If you cannot subscribe to the binlog, try resetting the offset to the current time.

MySQL error: `MySQLBinlogReaderException`

If a MySQL real-time synchronization task fails with the message MySQLBinlogReaderException: The database you are currently syncing is the standby database, but the current value of log_slave_updates is OFF, you need to enable the binlog log update of the standby database first. , it may be because binlog is not enabled on the standby database. If you want to synchronize a standby database, you must enable binlog for cascading standby databases.
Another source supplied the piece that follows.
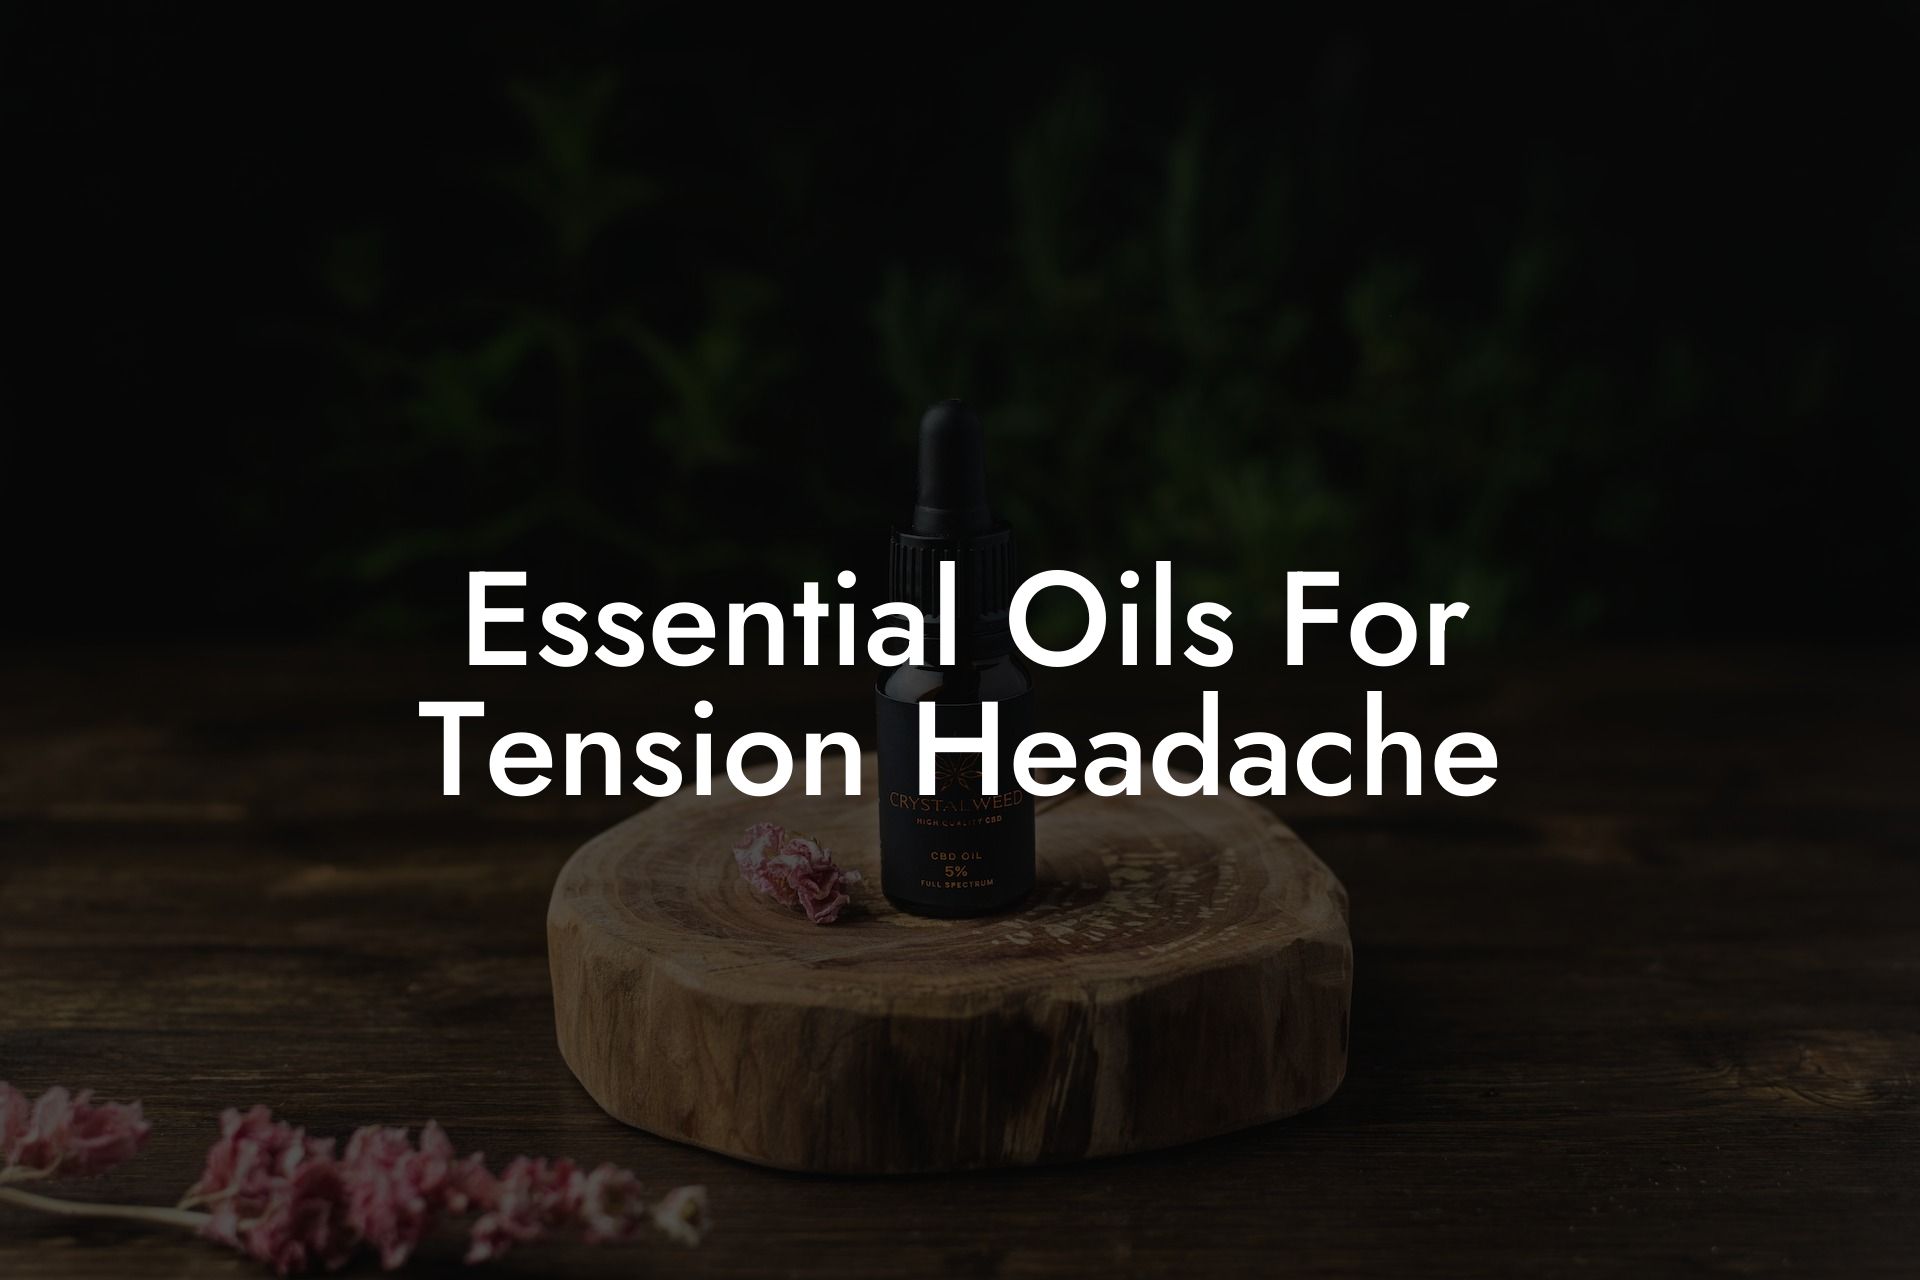 Essential Oils For Tension Headache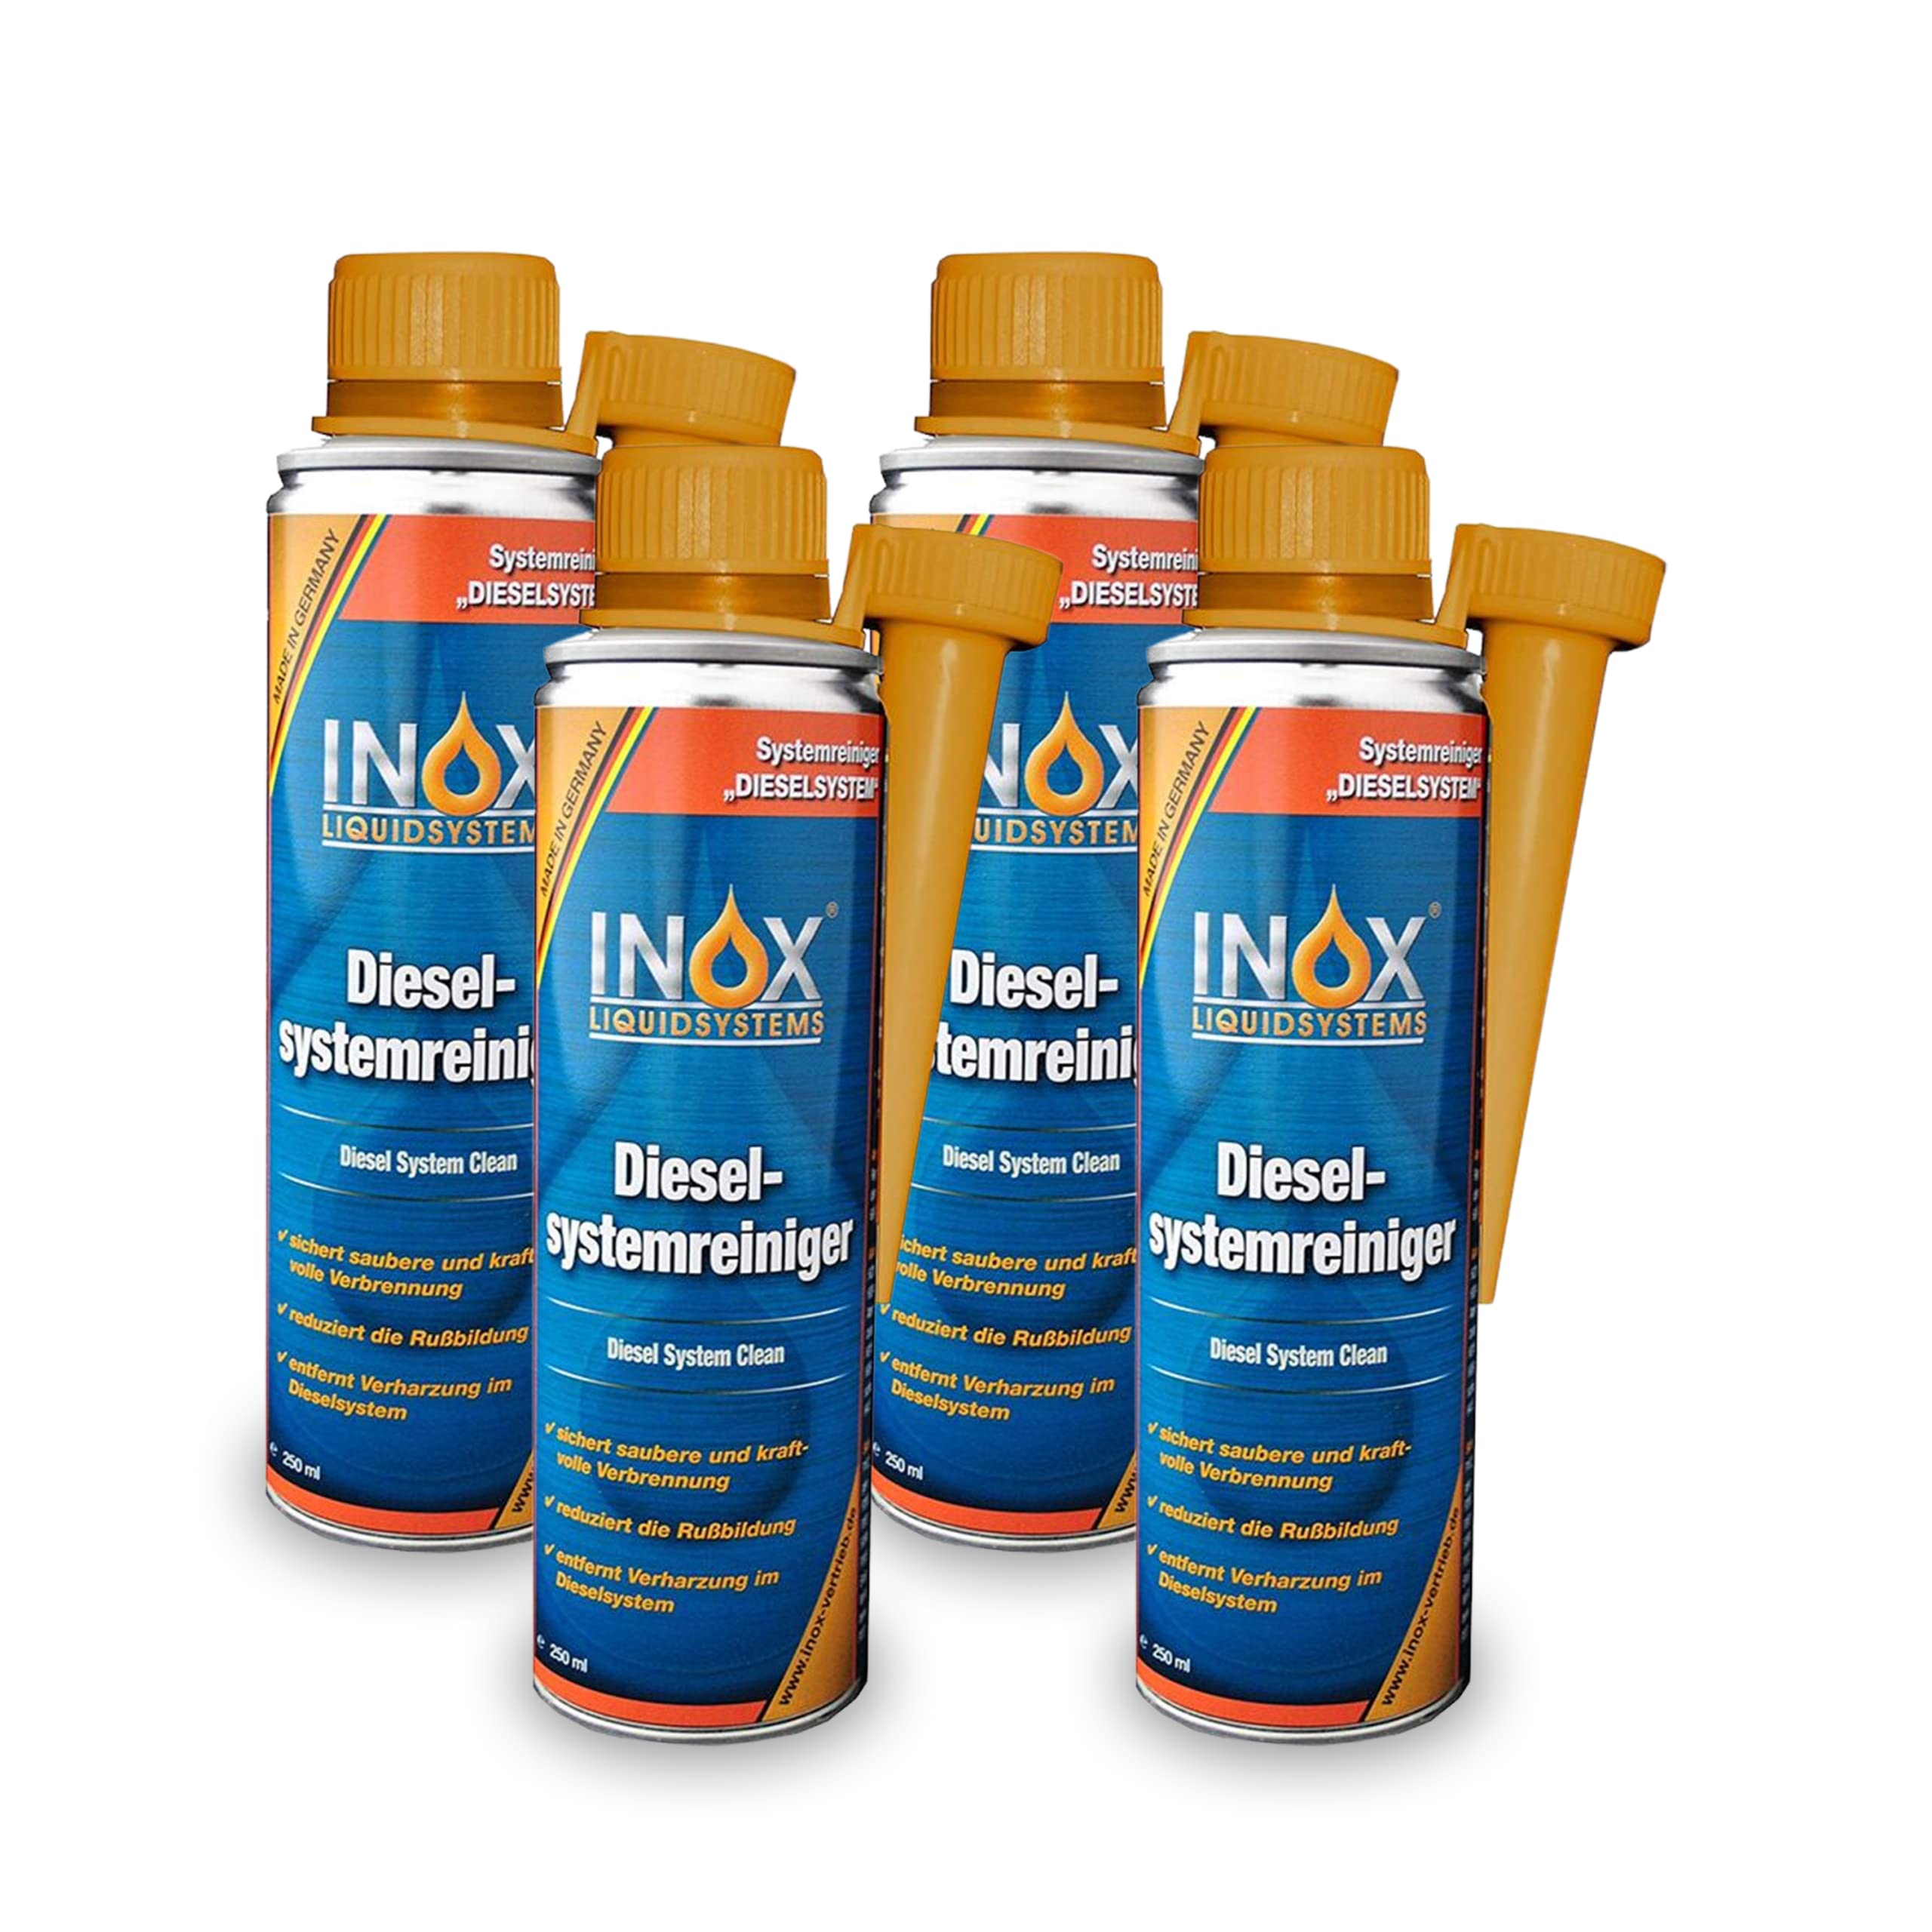 INOX® - Effektiver Diesel Systemreiniger Additiv, 4 x 250ml | Diesel Zusatz für Dieselmotoren | Löst Verschmutzung & Verharzung im Dieselsystem | Effiziente Verbrennung

You can ask your DBA for help.

For more information about how to enable binlog, see Step 3: Enable binlog for MySQL.

MySQL error: `show master status' has an error!`

If a MySQL real-time synchronization task fails with the message show master status' has an error! and the error details are Caused by: java.io.IOException: message=Access denied; you need (at least one of) the SUPER, REPLICATION CLIENT privilege(s) for this operation, with command: show master status, it may be because the data source account lacks the required database permissions.

The account configured for the data source must have the SELECT, REPLICATION SLAVE, and REPLICATION CLIENT permissions for the database. For more information about how to grant permissions to the data source account, see Step 2: Create an account and grant permissions.

MySQL error: `parse.exception.PositionNotFoundException: can't find start position forxxx`

The synchronization process could not find the offset. Please reset the offset.

PolarDB error: `The mysql server does not enable the binlog write function. Please enable the mysql binlog write function first`

Possible cause: The loose_polar_log_bin parameter is not enabled for the source PolarDB data source.
Solution: You need to enable the loose_polar_log_bin parameter. For more information, see Configure a PolarDB data source.

Hologres error: `permission denied for database xxx`

When you synchronize data to Hologres in real time, you need to grant the current user admin permissions for the Hologres instance. The user must have permission to create schemas. For more information, see Hologres permission model.

MaxCompute error: `ODPS-0410051:invalid credentials-accessKeyid not found`

When you synchronize data to a MaxCompute data source in real time by using a temporary AccessKey, the temporary AccessKey automatically expires after 7 days, which causes the task to fail. The platform automatically restarts the task when it detects a failure caused by an expired temporary AccessKey. If you have configured monitoring alerts for this type of failure, you will receive an alert.

Oracle error: `logminer doesn't init, send HeartbeatRecord`

When an Oracle real-time synchronization task initializes, it loads a previous archive log to find a suitable synchronization offset. If the archive log is large, it may take 3 to 5 minutes to complete the initialization phase.